The results were striking. In neighborhoods hardest hit by the virus, vaccine uptake rose. For many, the difference was not just in the medicine, but in the messenger. Reverend Willie Bodrick II of Twelfth Baptist Church remembers how congregants who were hesitant about vaccination changed their minds when BMC hosted clinics in the sanctuary they trusted.
“There were many congregants and community folks who told me they would not have trusted the vaccine if we had not been giving it at the church. And I thought that was a huge testament to our partnership with BMC,” said Rev. Bodrick, reflecting in 2023. “We were able to vaccinate over 2,500 people. We knew we could help turn hurt into healing and give people hope. I believe we saved some lives.”
Diabetes care
Recognizing that Black, Hispanic, and Latino/a patients were experiencing far worse outcomes than their white peers, BMC brought together a multidisciplinary team that included not only clinicians, but also community leaders and patients themselves.

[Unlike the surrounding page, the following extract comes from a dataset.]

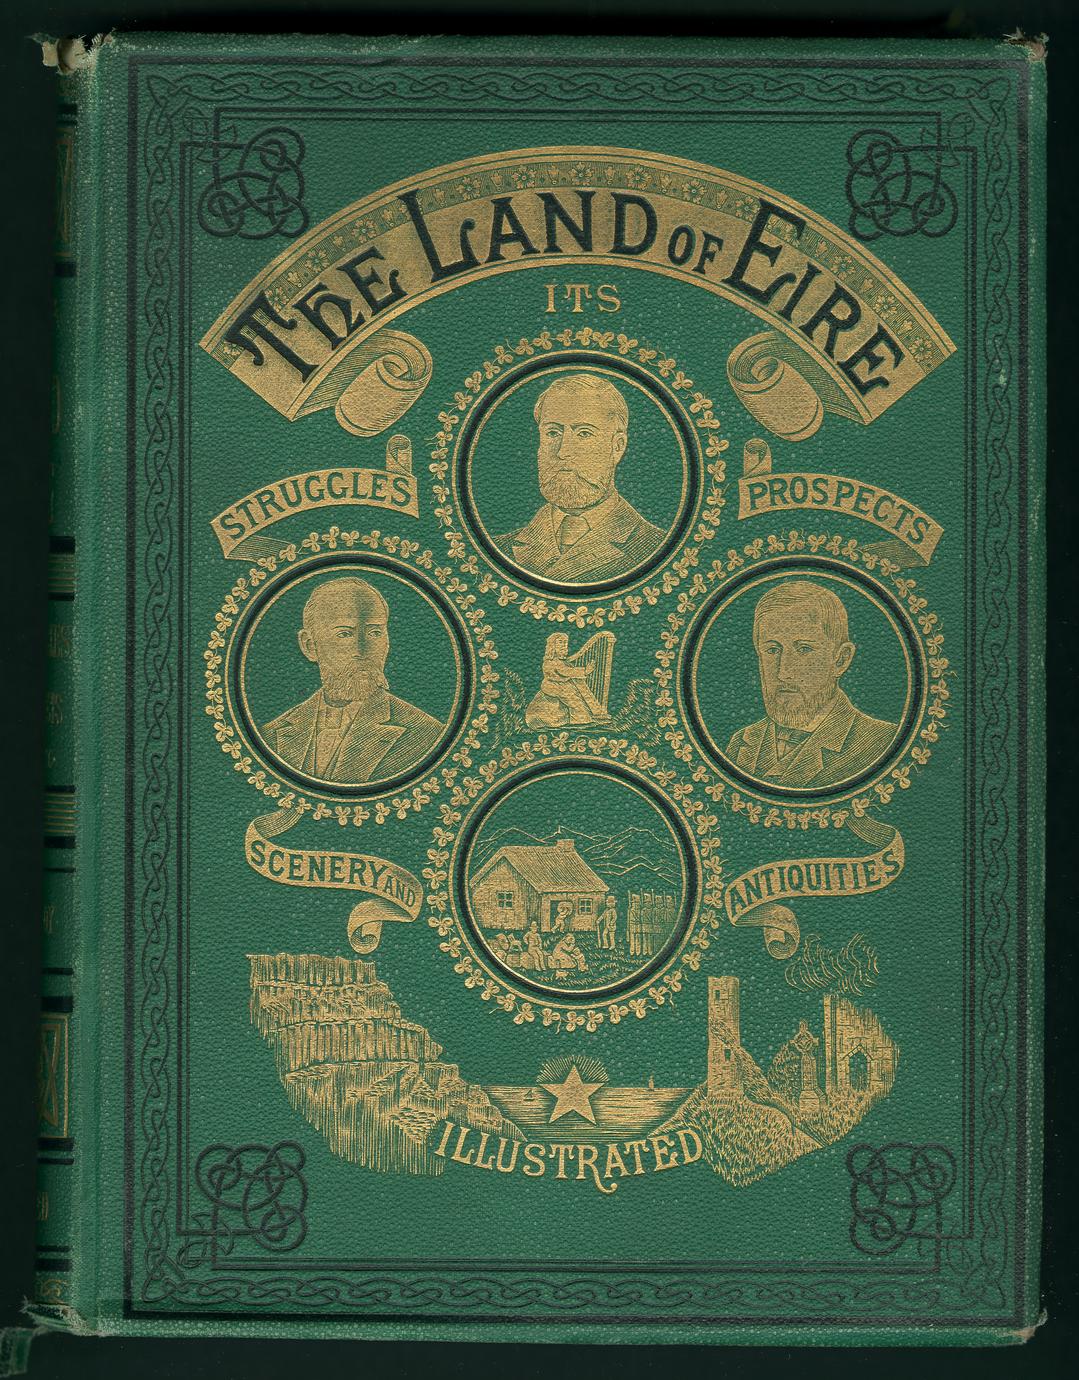 The land of Eire (1 of 2)

This team worked to co-design interventions that were culturally relevant and responsive to the barriers patients faced—whether that meant providing education in multiple languages, addressing food insecurity, or making continuous glucose monitoring more accessible. The results have been transformative.
“My job is to make sure the voice of the patient and the voices of the community are heard, to create a seat at the table where no seat has existed before.”
Petrina Martin Cherry, BMC Health System’s Vice President of Community Engagement and External Affairs
With more than 70 providers engaged in addressing diabetes inequities, BMC has enrolled more than 3,000 patients into programs, achieving a 50% reduction in diabetes inequity in 2023. Within the first 6 months, 39% of patients had their A1c levels decrease. In that same period, more than one-third of Black, Hispanic, or Latino patients reduced their A1c levels by 9%.
Maternal health
Maternal health is another area where community-driven approaches have made a measurable difference. At BMC, the Birth Sisters program is staffed by women from the same neighborhoods as the patients they serve. These community-based doulas provide not only clinical support, but also cultural understanding and advocacy for expectant mothers, many of whom face systemic barriers to care.
By recruiting Birth Sisters who share the language, lived experience, and values of the families they support, BMC has created a model that improves both the experience and outcomes of childbirth. Mothers report feeling more empowered and respected, and the hospital has seen improvements in prenatal care access and birth outcomes.
OBGYN teams also started remote monitoring programs for hypertension and produced patient education on preeclampsia. Intentional community engagement informed all of this work.
“We wanted to examine health disparities from the perspective of root causes,” said Thea James, MD, MPH, MBA, vice president of mission and executive director of the Health Equity Accelerator. “We decided to have patients help us interpret the data as well as help us to come up with solutions.”
Maintaining community engagement
Community engagement is not one single project or initiative; it’s a sustained symbiotic process grounded in trust, cultural sensitivity, and shared goals. By centering community voices in decision-making, hospitals and health systems can build trust that endures beyond any single program.
“Trust is easily broken, so once you build trust, it has to be maintained. The way we maintain that trust at BMC is by having a constant presence in the community,” said Cherry. “The more they see us, the more we’re able to build and maintain that trust.”